▶ [TASK PROMPT] Please print exactly the lines from the line containing "2011 Topps Finest" through the end of the data, no more, and keep pictures out of the copy.

▶ [Records from a collection]
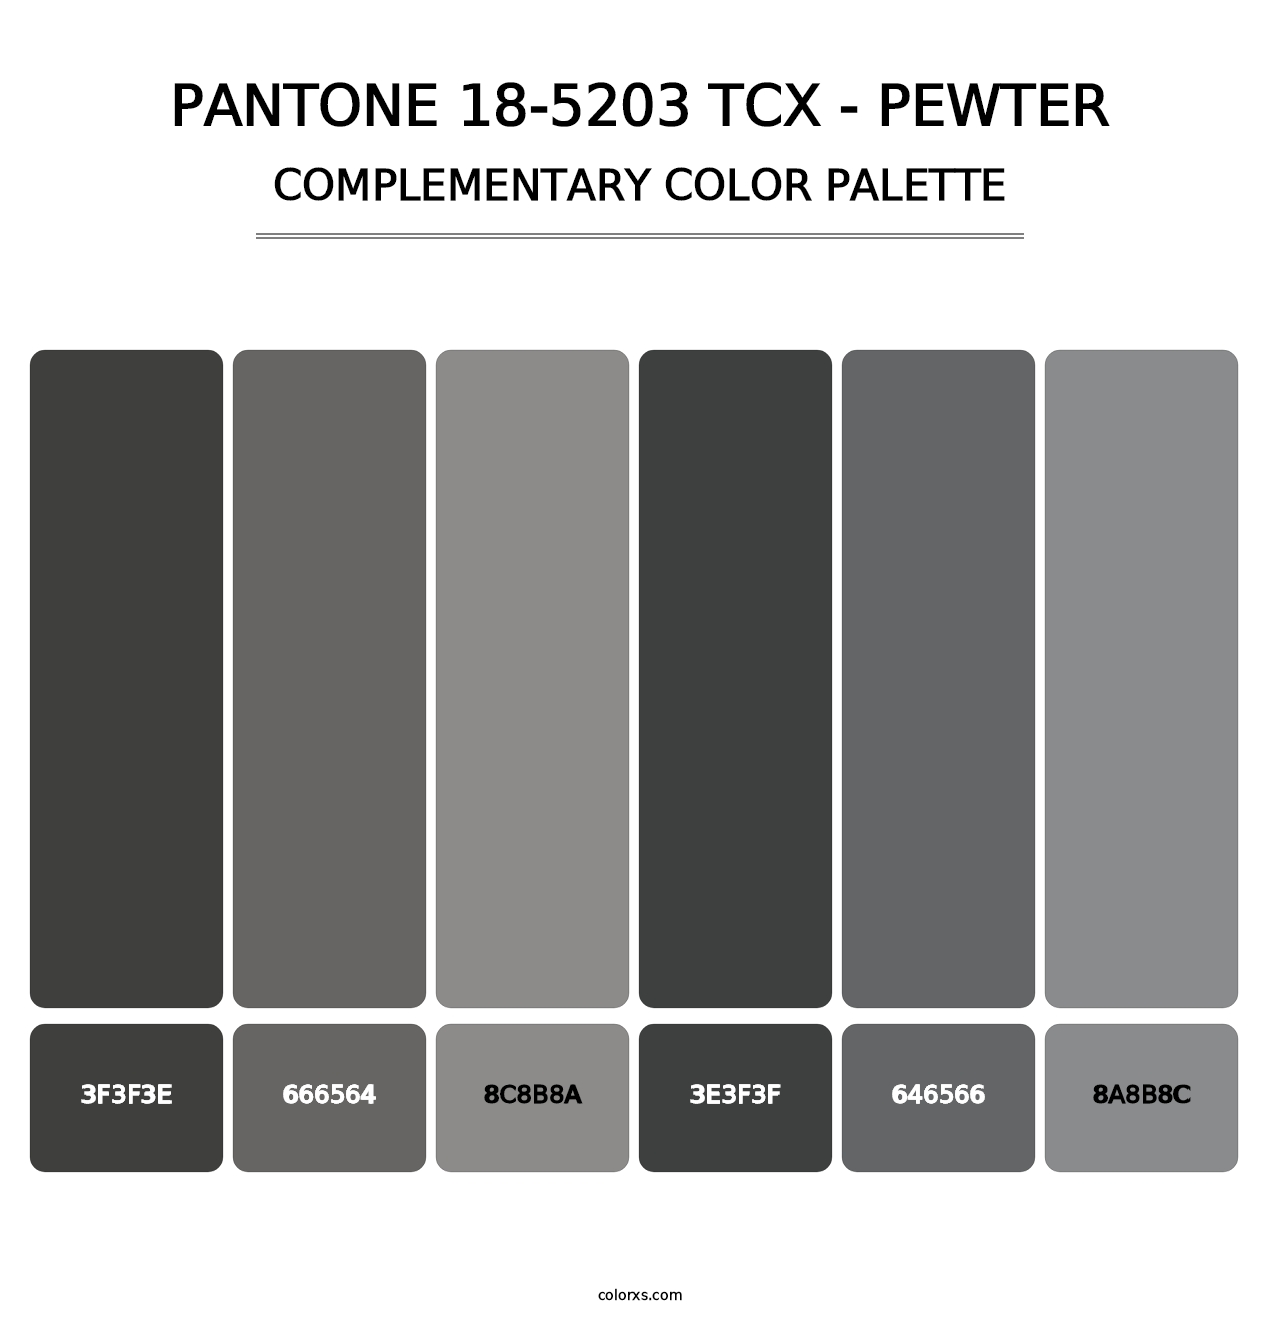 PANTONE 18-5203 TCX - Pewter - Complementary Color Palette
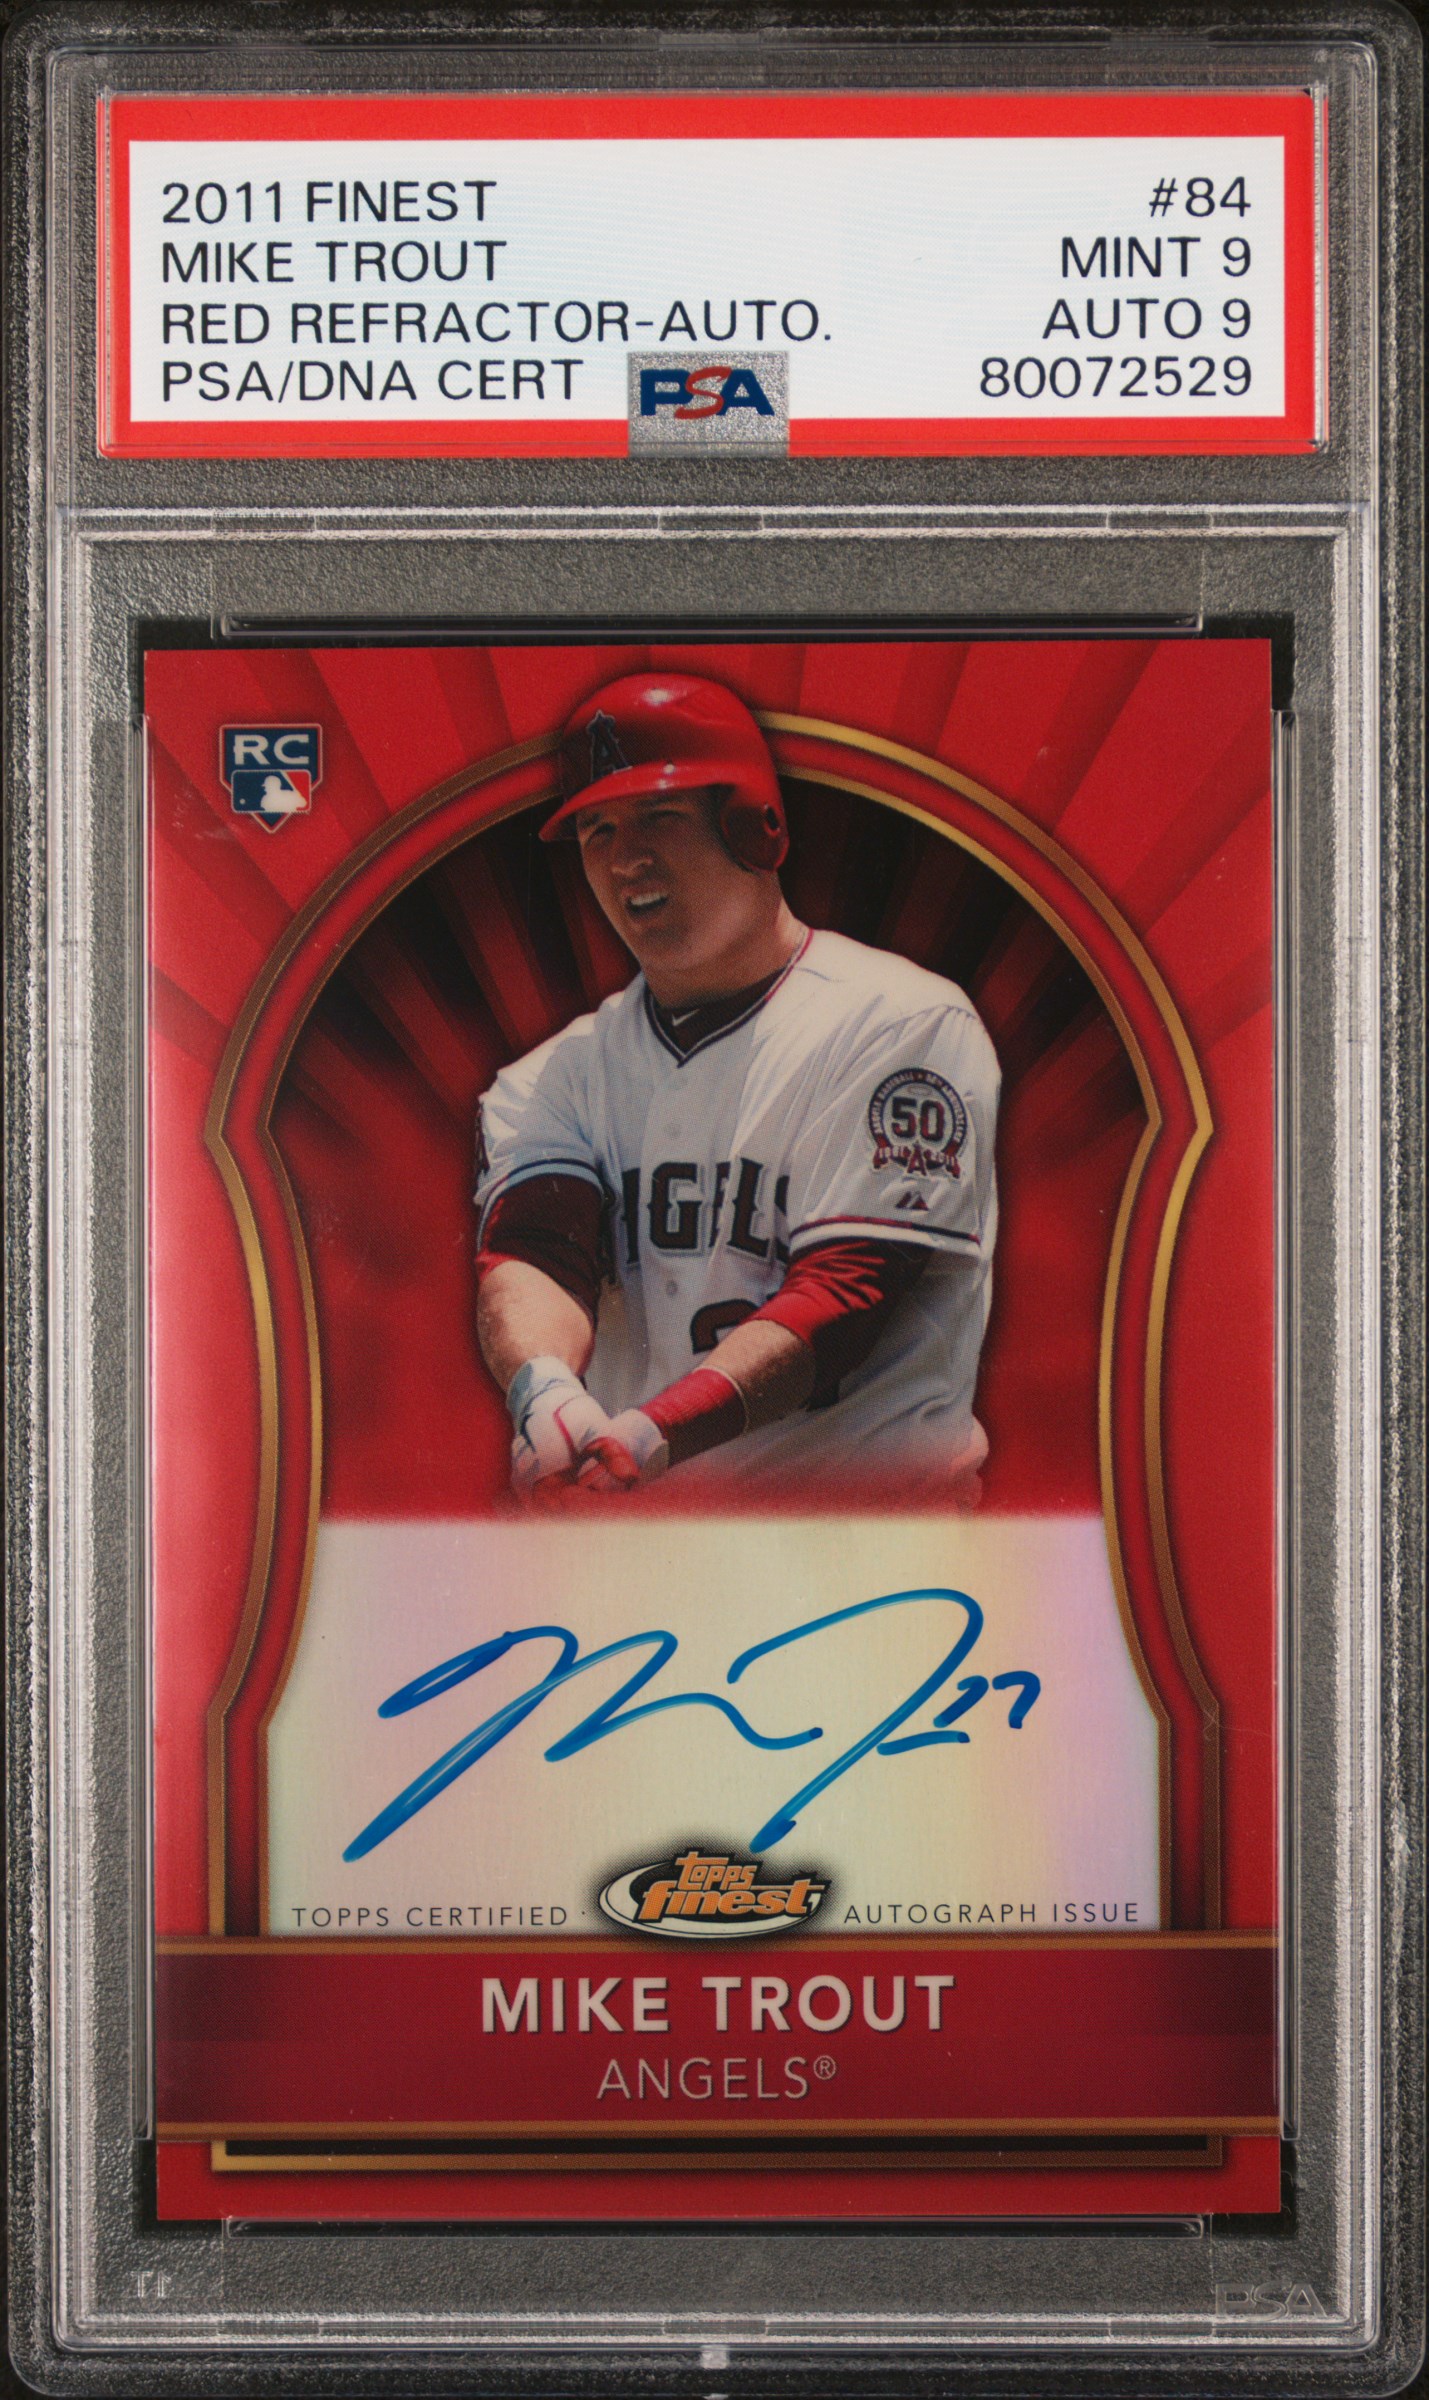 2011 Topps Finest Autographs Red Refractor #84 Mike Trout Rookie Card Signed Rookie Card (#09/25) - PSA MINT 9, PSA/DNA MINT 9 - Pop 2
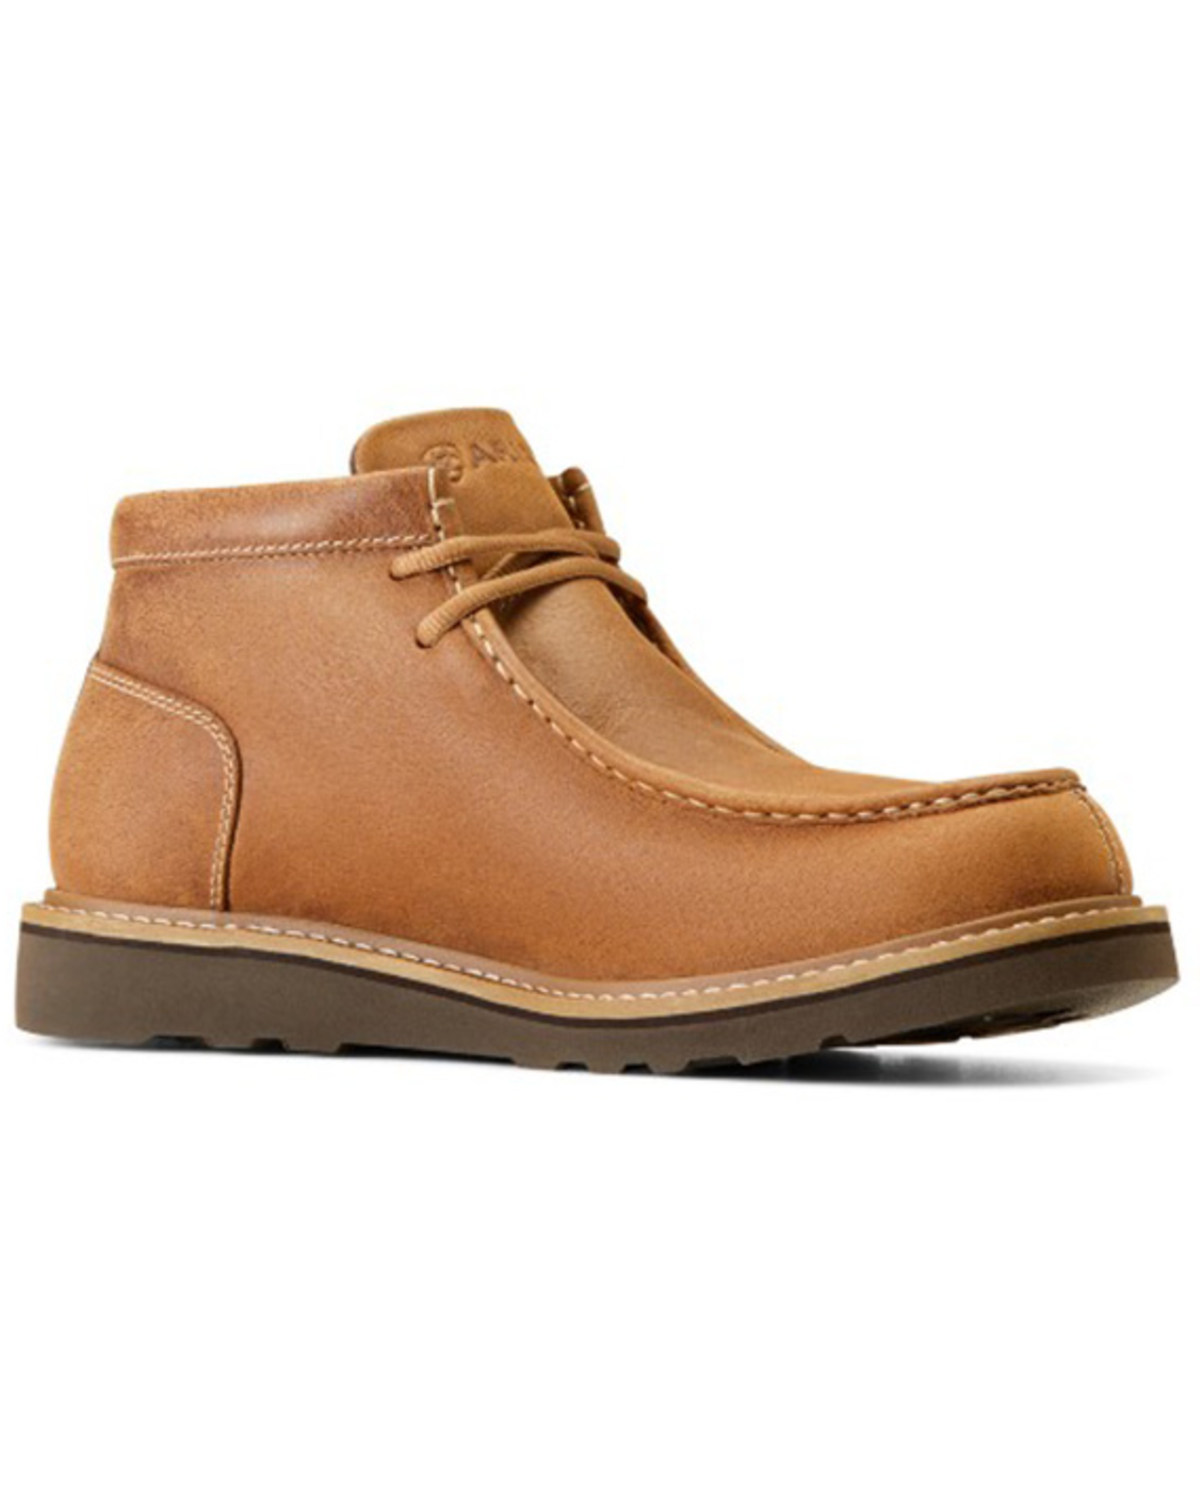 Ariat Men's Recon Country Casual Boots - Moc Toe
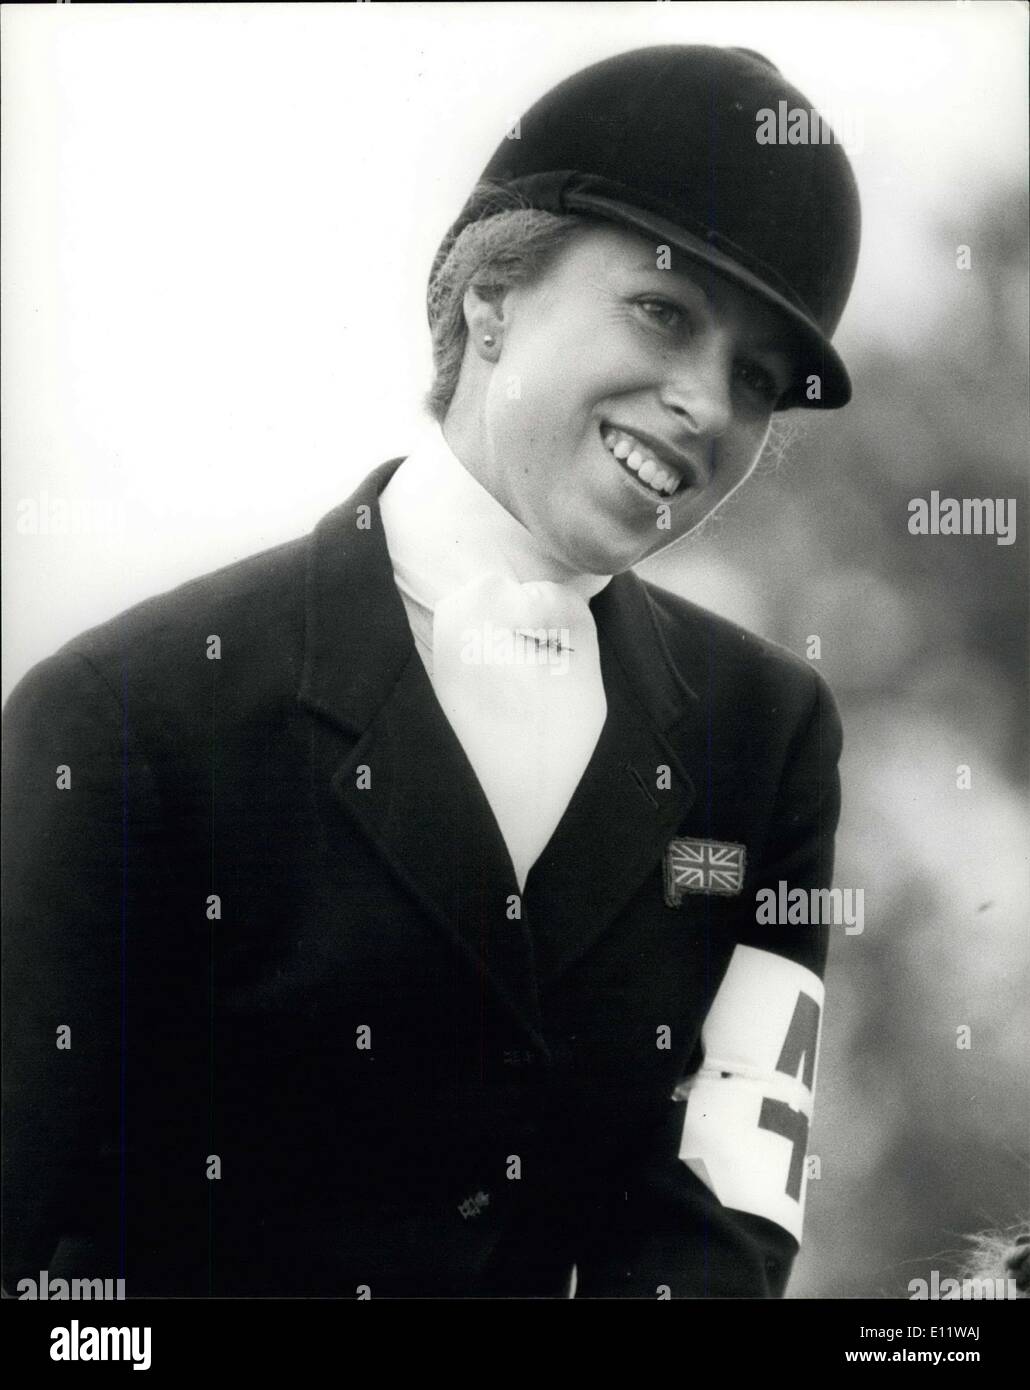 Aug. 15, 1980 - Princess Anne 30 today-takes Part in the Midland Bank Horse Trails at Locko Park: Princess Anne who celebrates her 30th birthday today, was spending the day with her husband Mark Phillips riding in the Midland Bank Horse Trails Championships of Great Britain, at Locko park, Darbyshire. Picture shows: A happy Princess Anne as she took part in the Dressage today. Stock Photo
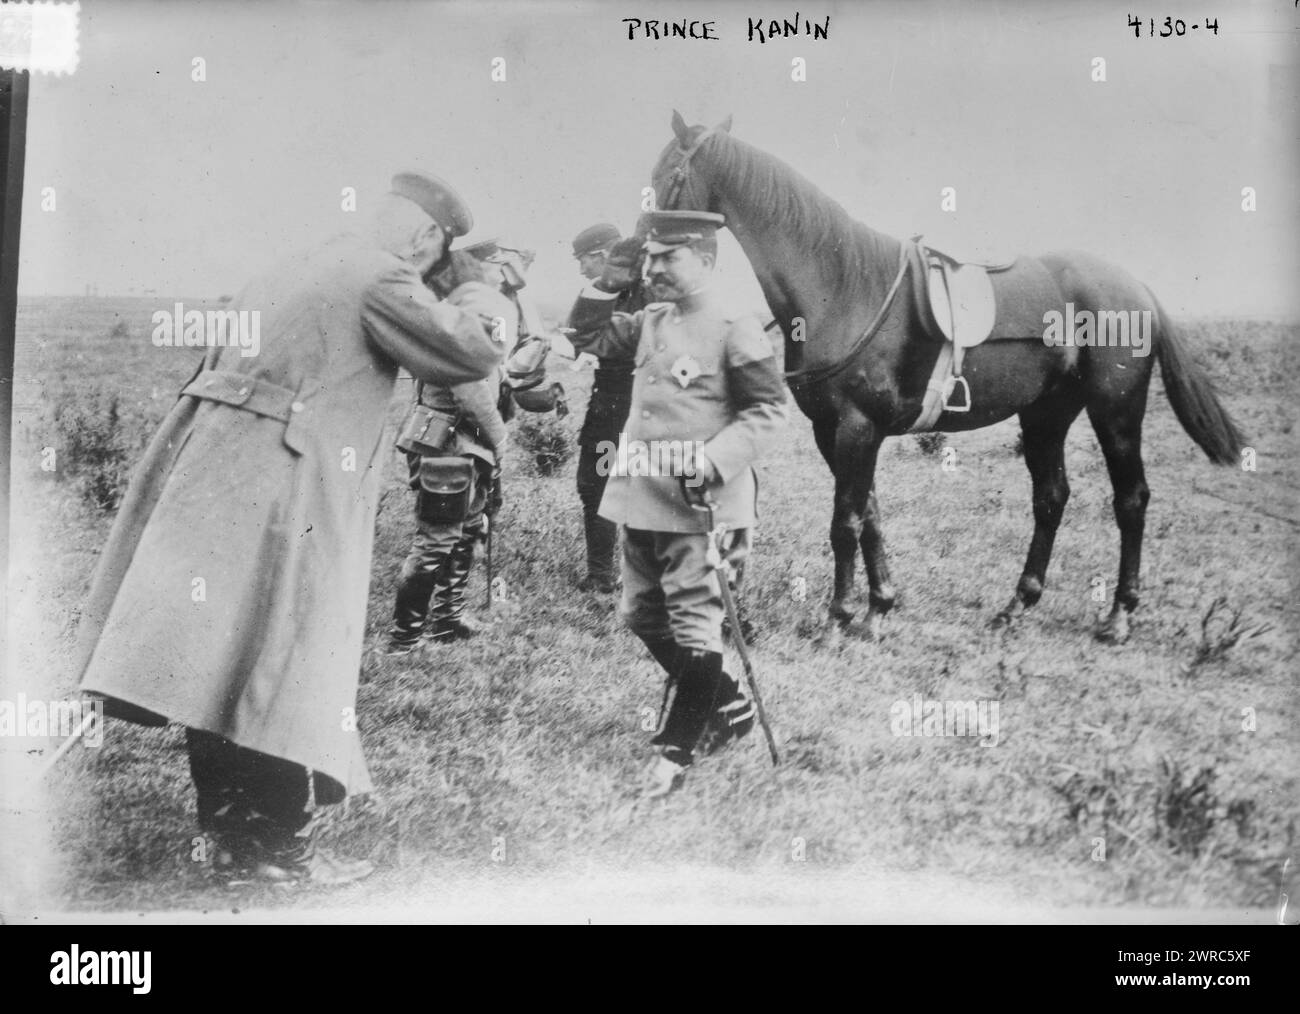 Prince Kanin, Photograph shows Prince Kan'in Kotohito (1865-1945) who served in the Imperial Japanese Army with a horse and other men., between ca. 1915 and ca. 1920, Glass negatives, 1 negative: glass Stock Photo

▶ [EXERCISE ANSWER]
 2011 Topps Finest Autographs Red Refractor #84 Mike Trout Rookie Card Signed Rookie Card (#09/25) - PSA MINT 9, PSA/DNA MINT 9 - Pop 2
 Ariat Men's Recon Country Casual Boots - Moc Toe
 Aug. 15, 1980 - Princess Anne 30 today-takes Part in the Midland Bank Horse Trails at Locko Park: Princess Anne who celebrates her 30th birthday today, was spending the day with her husband Mark Phillips riding in the Midland Bank Horse Trails Championships of Great Britain, at Locko park, Darbyshire. Picture shows: A happy Princess Anne as she took part in the Dressage today. Stock Photo
 Prince Kanin, Photograph shows Prince Kan'in Kotohito (1865-1945) who served in the Imperial Japanese Army with a horse and other men., between ca. 1915 and ca. 1920, Glass negatives, 1 negative: glass Stock Photo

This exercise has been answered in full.